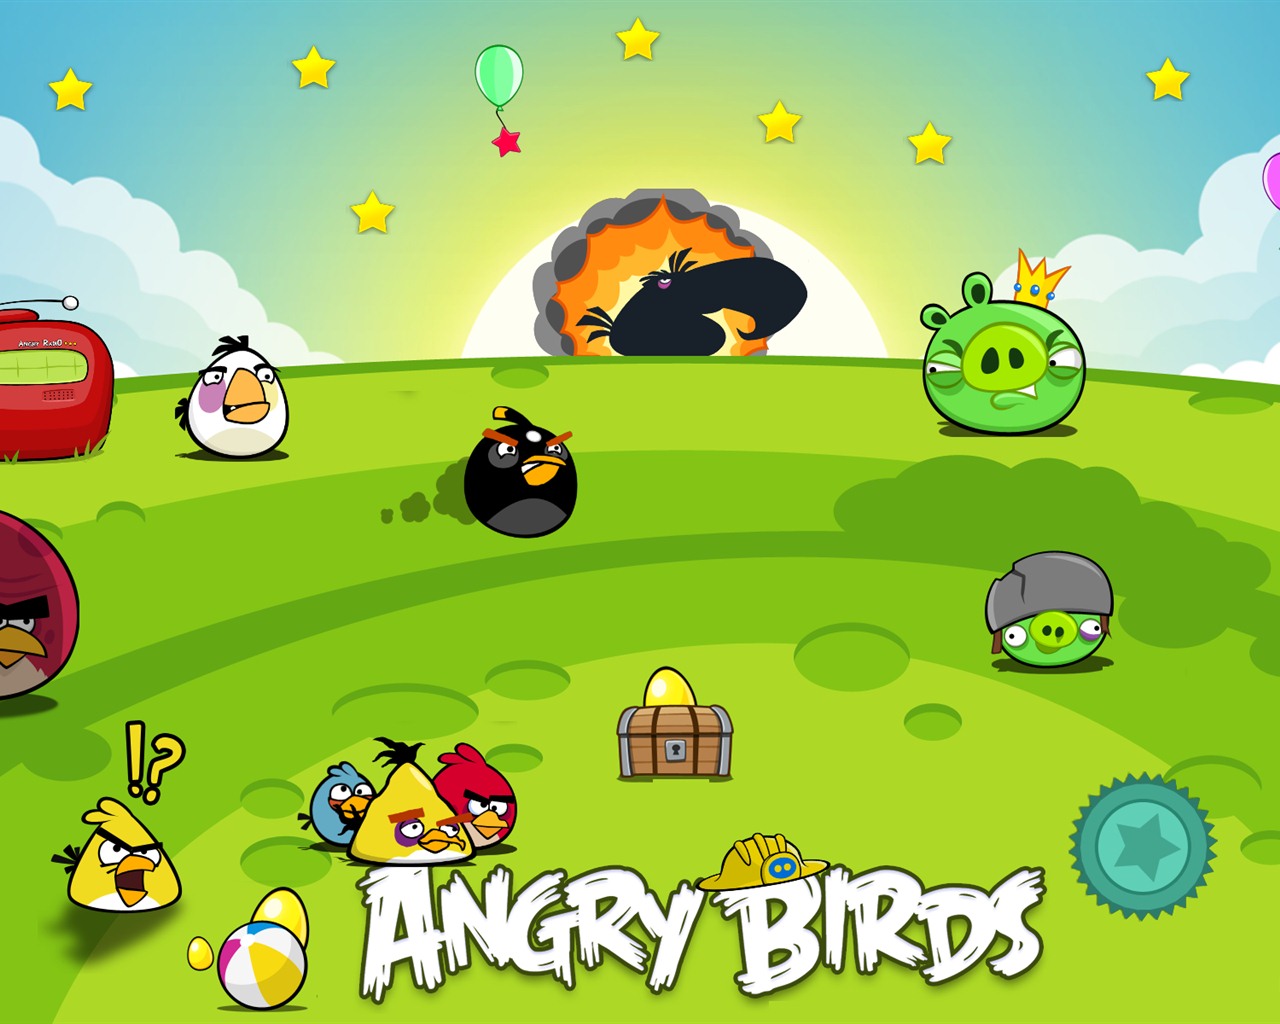 Angry Birds Game Wallpapers #12 - 1280x1024
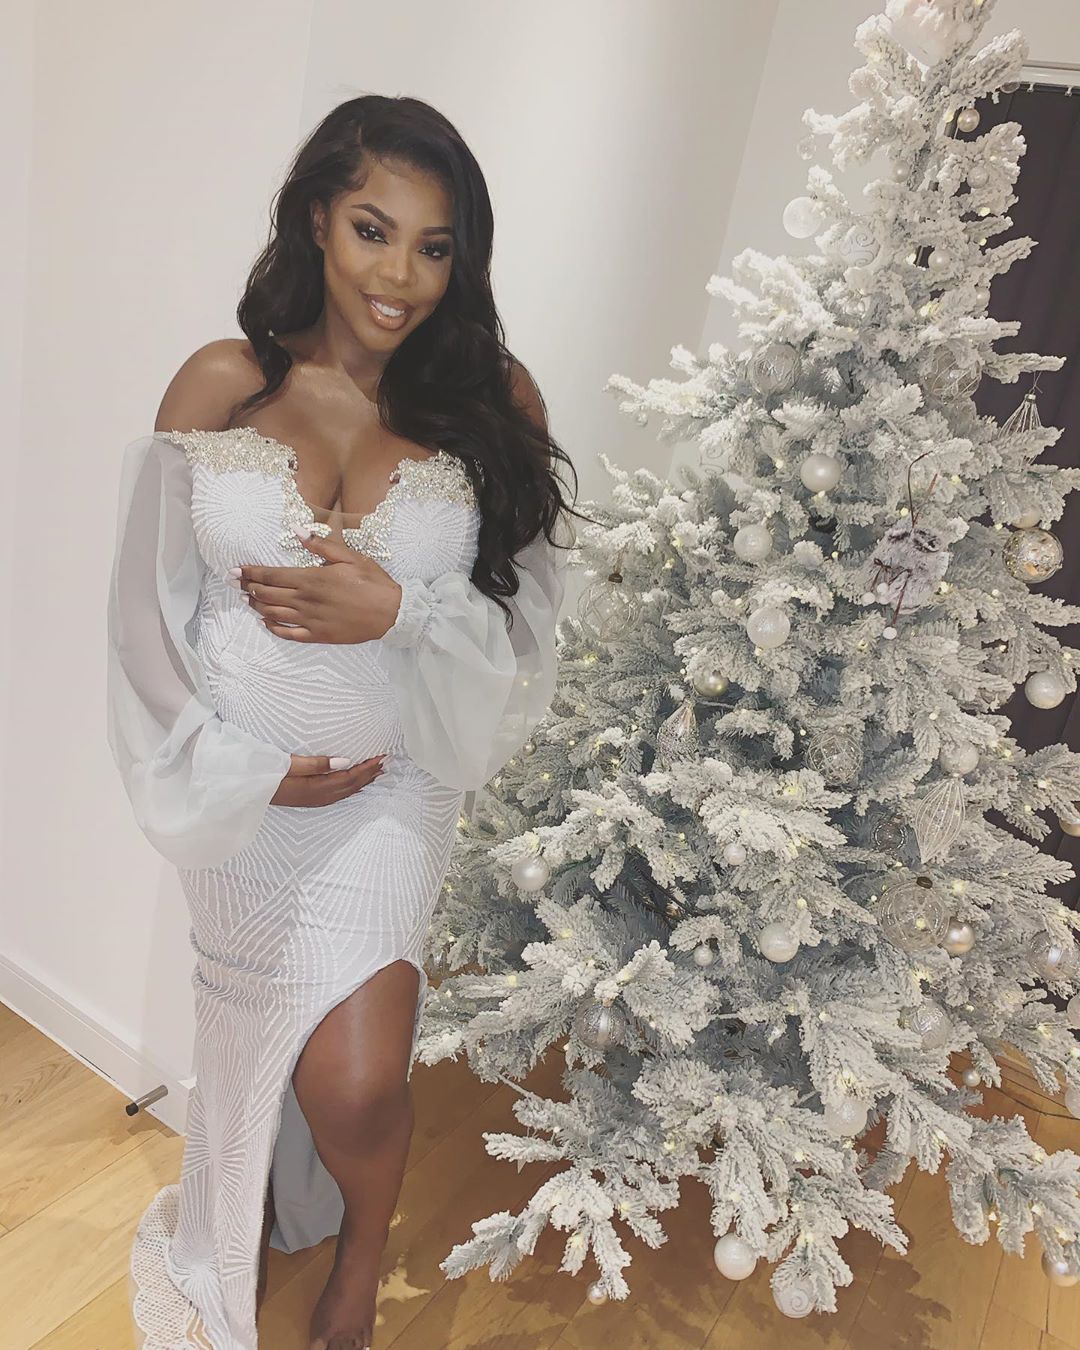 Vlogger Grace Ajilore is expecting a baby!
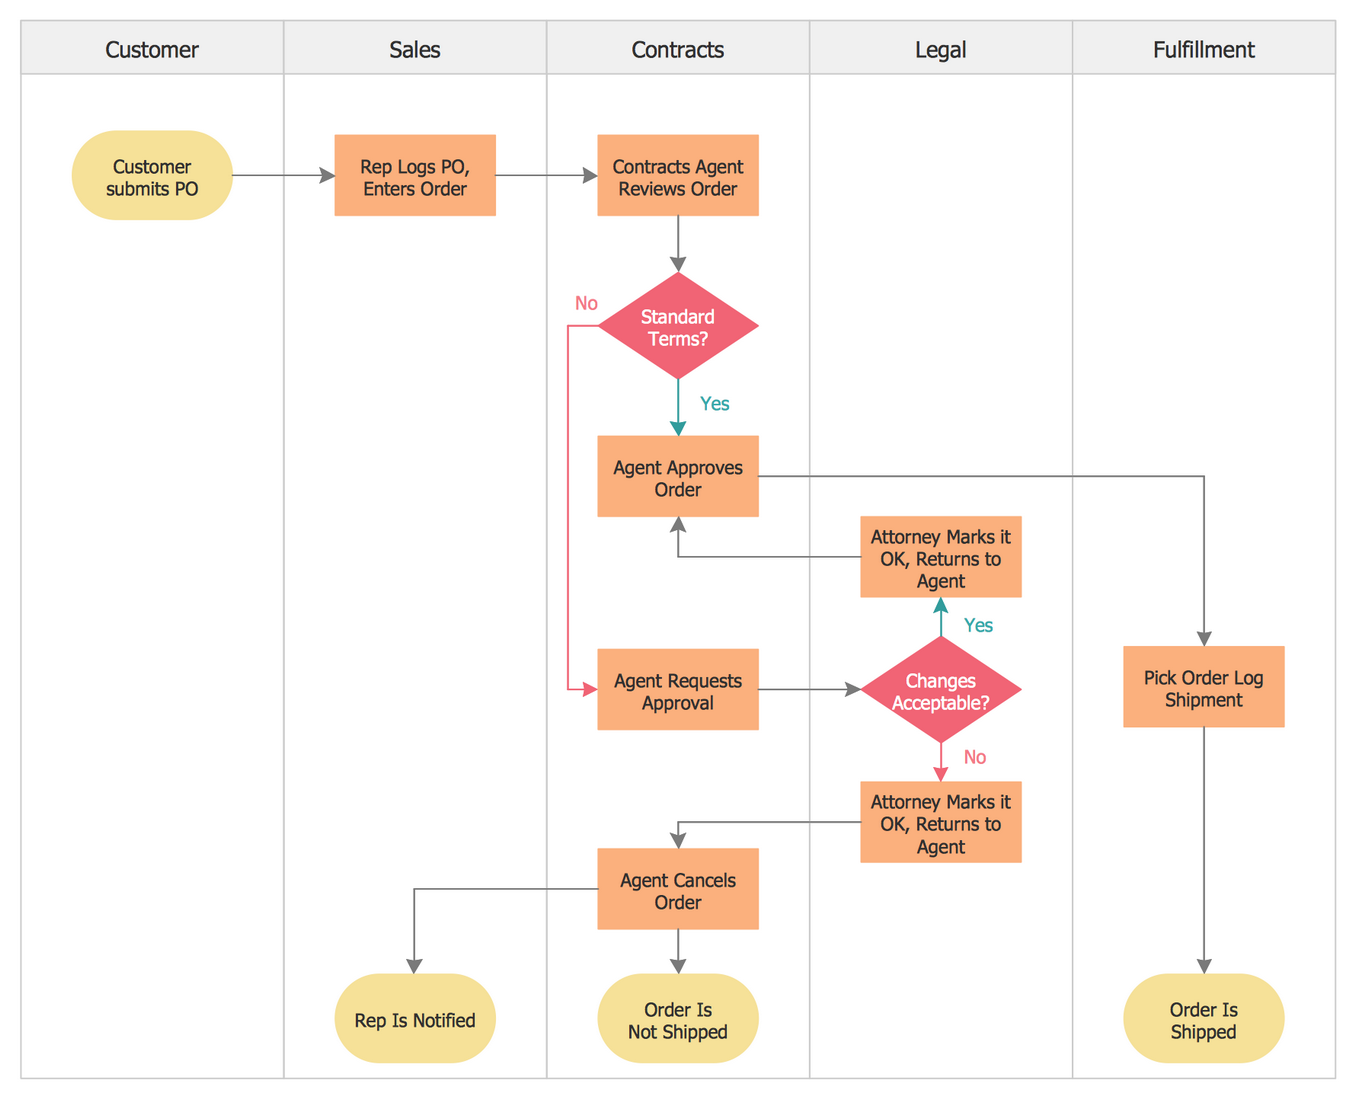 Types Of Flowcharts Types Of Flowchart Overview Examples Of Images

Task details:
Could you repeat all of the material exactly? Pictures should not be copied.

Response:
 Angry Birds Game Wallpapers #12 - 1280x1024
 Vlogger Grace Ajilore is expecting a baby!
 Types Of Flowcharts Types Of Flowchart Overview Examples Of Images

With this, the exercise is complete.